● **The task**
Each line from the one containing "Free stock photo" through the final line of the data below must be repeated exactly.

● **Given records**
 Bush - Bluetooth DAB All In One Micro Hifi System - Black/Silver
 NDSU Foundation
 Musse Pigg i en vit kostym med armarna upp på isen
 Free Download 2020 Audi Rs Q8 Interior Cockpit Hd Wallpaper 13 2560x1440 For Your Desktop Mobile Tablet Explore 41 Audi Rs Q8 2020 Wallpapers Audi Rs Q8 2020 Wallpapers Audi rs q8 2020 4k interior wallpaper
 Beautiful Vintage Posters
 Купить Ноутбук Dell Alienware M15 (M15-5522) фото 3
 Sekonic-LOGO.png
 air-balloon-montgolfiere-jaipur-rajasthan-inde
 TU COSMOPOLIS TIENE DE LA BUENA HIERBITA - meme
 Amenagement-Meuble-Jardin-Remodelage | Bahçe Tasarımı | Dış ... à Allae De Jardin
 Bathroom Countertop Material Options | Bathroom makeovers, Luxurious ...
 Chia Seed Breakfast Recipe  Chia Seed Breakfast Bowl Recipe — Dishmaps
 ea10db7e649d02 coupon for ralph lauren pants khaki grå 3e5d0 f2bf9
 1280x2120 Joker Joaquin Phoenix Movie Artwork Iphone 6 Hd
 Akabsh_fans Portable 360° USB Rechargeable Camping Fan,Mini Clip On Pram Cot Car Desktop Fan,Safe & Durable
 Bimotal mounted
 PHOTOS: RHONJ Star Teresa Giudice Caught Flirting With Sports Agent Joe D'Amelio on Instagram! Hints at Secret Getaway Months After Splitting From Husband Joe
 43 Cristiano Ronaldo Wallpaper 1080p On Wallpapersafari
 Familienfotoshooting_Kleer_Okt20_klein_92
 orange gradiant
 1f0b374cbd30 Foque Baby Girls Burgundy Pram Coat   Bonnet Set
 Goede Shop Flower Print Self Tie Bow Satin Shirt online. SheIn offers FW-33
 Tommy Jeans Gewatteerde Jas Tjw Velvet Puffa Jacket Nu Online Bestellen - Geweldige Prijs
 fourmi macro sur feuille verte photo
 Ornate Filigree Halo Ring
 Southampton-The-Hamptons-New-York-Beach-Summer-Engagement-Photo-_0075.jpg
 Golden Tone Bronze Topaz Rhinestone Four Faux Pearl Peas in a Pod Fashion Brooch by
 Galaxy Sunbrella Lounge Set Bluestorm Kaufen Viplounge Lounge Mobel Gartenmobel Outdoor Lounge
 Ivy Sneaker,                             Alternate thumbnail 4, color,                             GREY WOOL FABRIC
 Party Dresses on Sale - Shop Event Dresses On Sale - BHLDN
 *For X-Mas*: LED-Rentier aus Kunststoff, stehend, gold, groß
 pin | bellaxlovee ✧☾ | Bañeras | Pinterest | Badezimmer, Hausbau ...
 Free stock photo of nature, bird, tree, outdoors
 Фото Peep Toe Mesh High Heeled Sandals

● **Task output**
 Free stock photo of nature, bird, tree, outdoors
 Фото Peep Toe Mesh High Heeled Sandals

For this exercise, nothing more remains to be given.